On weekends and some holidays, the man could be seen walking up the railroad tracks with his black brief case filled with his barbering equipment and selection of pocket knives. The knives usually were traded with some of his “customers”. He would stop from home to home, cutting one person’s hair at a time and swapping knives. There was no charge for the haircuts.
After his death from cancer at the relatively young age of sixty-two, the family received many stories from fellow mine workers all saying that he had worked for two years very ill trying to live long enough to secure his UMWA retirement. He never made his family aware of his illness. Less than a year after he retired, and six days before his February 12th birthday, he succumbed to the illness. He had given his “all.”
It was only late last summer at a family reunion that members of his family found out just how special this gentleman was. Like so many veterans of all wars, men and women choose not to rekindle their memories of military action. He never spoke of World War II or its atrocities, at least not to his immediate family. However, according to his youngest brother, he apparently felt the need to speak to him about certain things from his military service.
“He said that once in Germany, he and a bunch of men from different units wound up together in a bombed out house. There was a young soldier who had just received a new “kodak” camera as a present from his mother,” the brother explained. “The rumble of airplanes enticed the young fellow to want to go outside and take photos to send back home, not knowing whether the planes were friend or foe. The veteran soldier advised him that he should not do so, but the young man went outside anyway. He immediately was cut in half by the guns of an enemy plane.”

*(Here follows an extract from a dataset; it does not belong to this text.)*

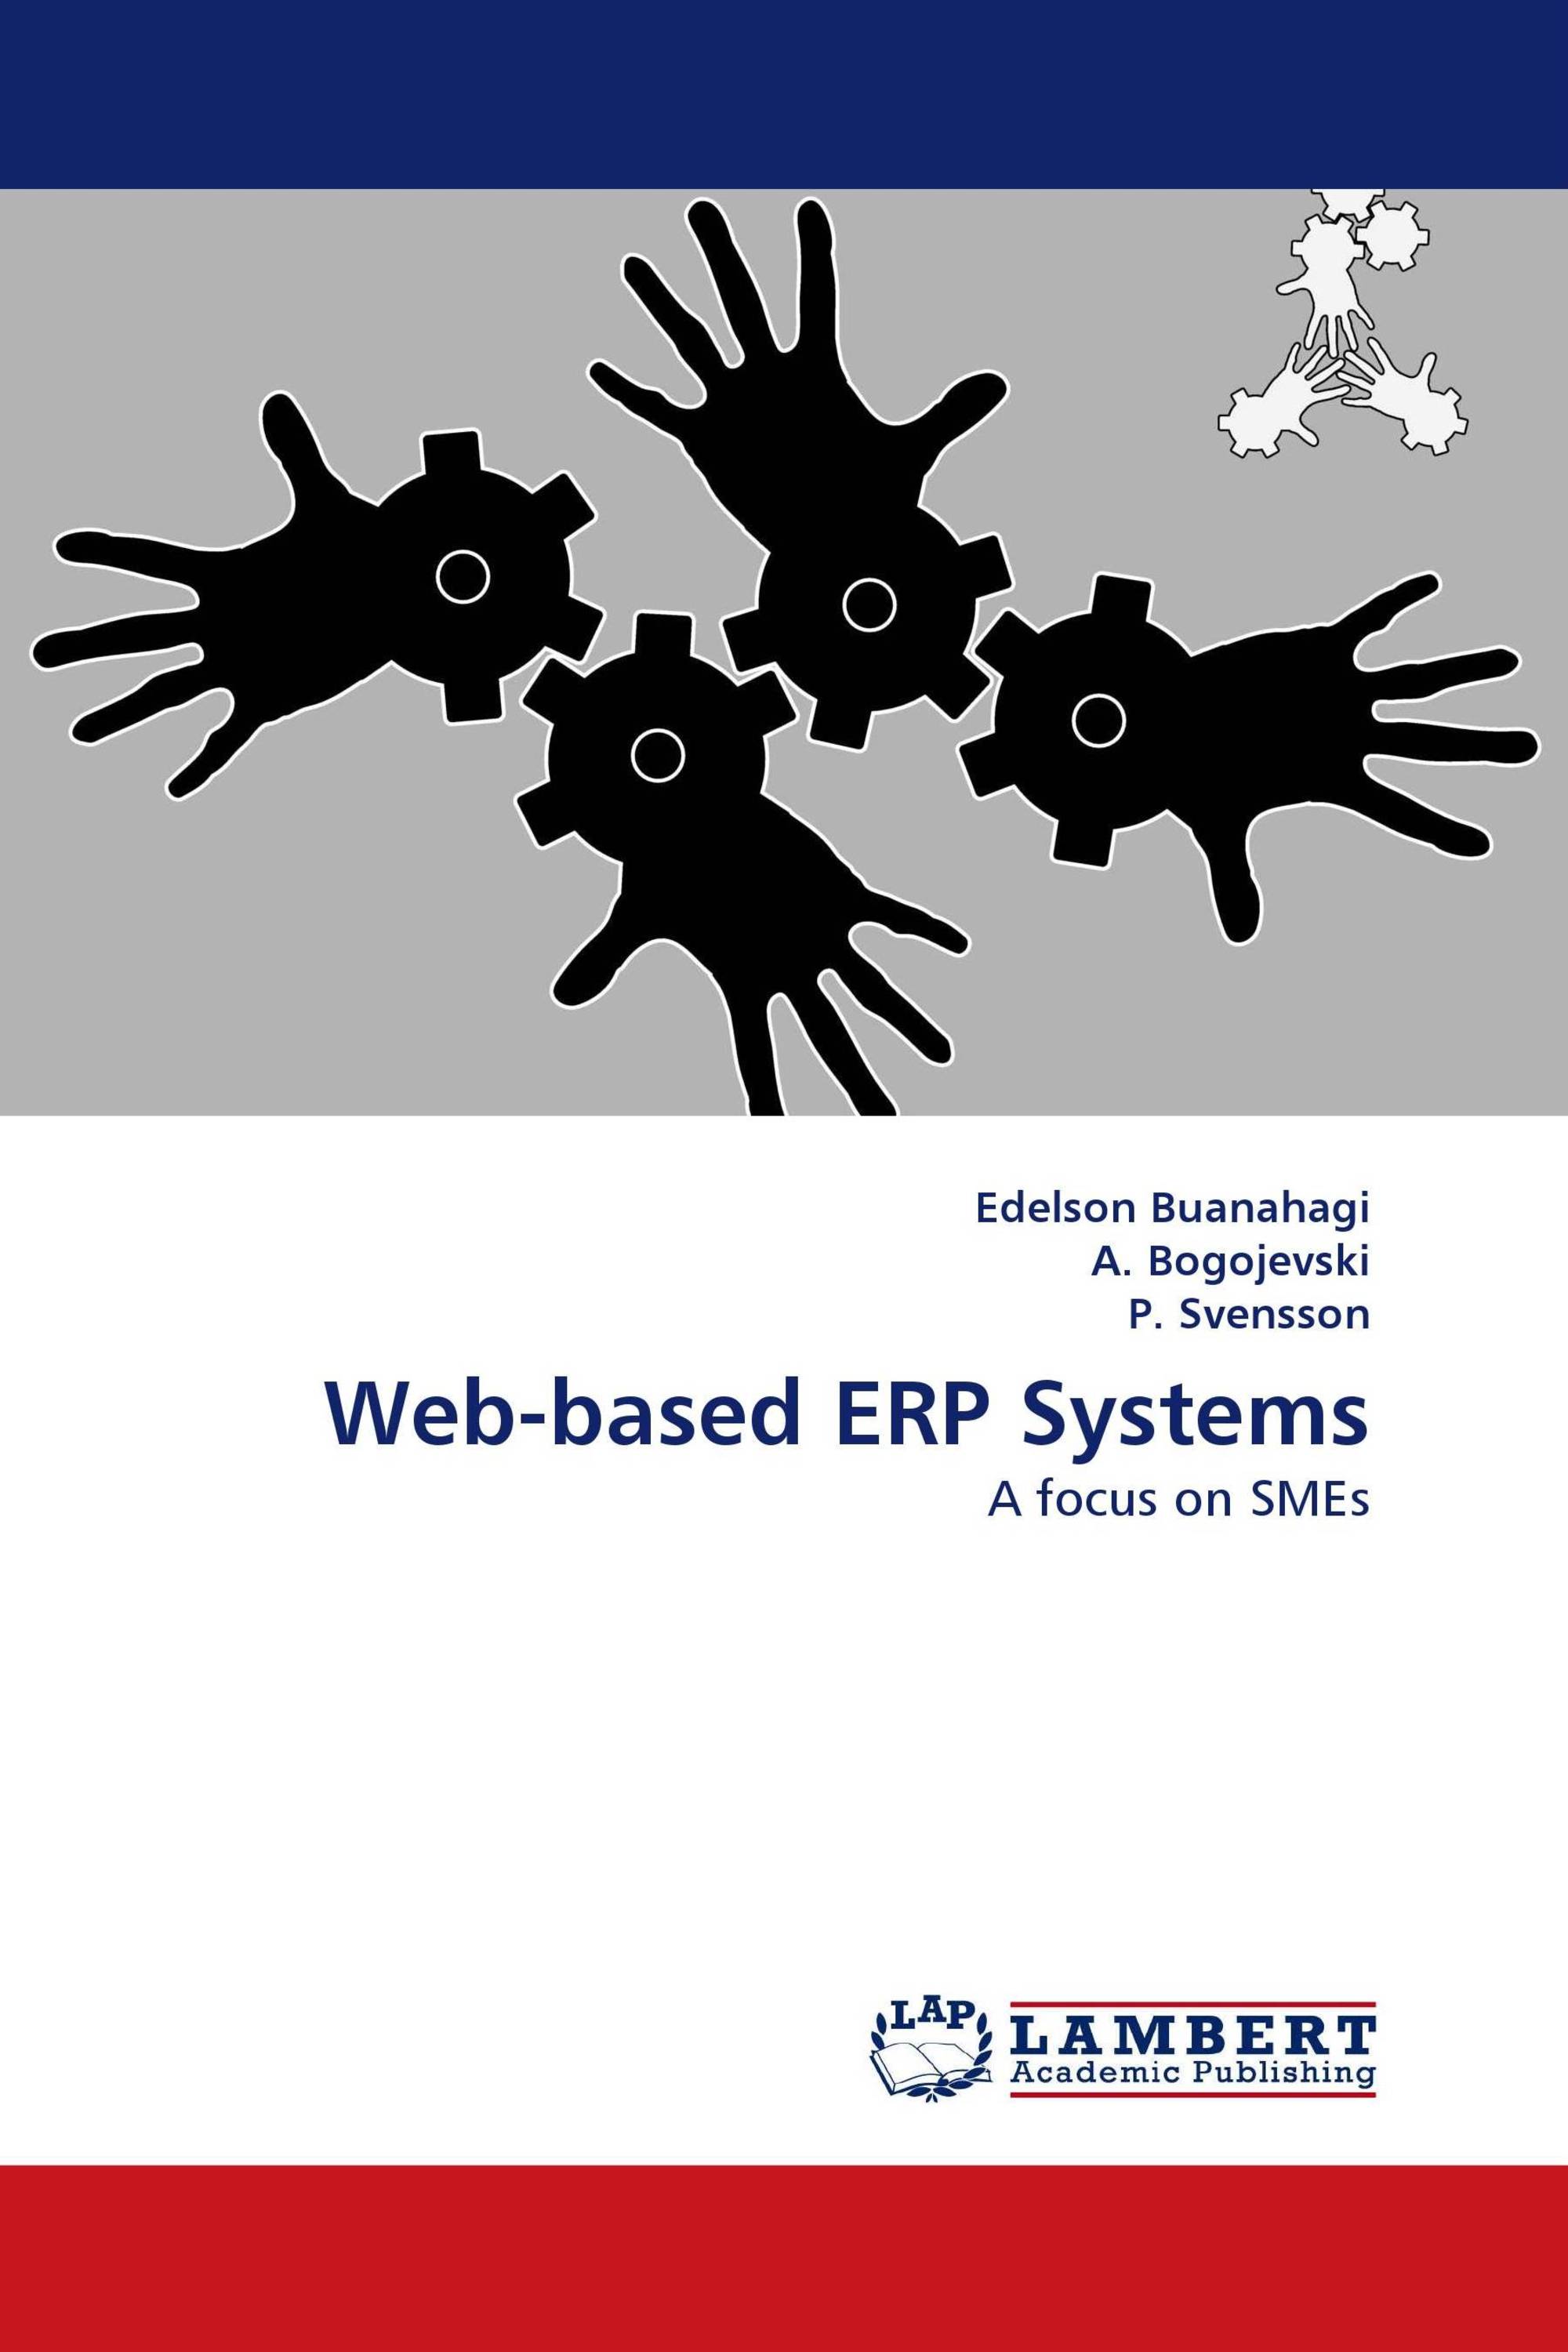 Web-based ERP Systems

As it turns out, this same man was in every major battle of the war in Europe and was the recipient of five major medals, of which he never spoke about.
In case you haven’t figured it out yet, the man I’ve been writing about was my father, Carlos Williamson, who along his wife, Ethel, raised seven children. My dad’s youngest brother was Rudy Williamson, himself a Vietnam veteran.
This story is dedicated to all the people who I’m sure have stories of their own to share with their family and others. HAPPY FATHER’S DAY.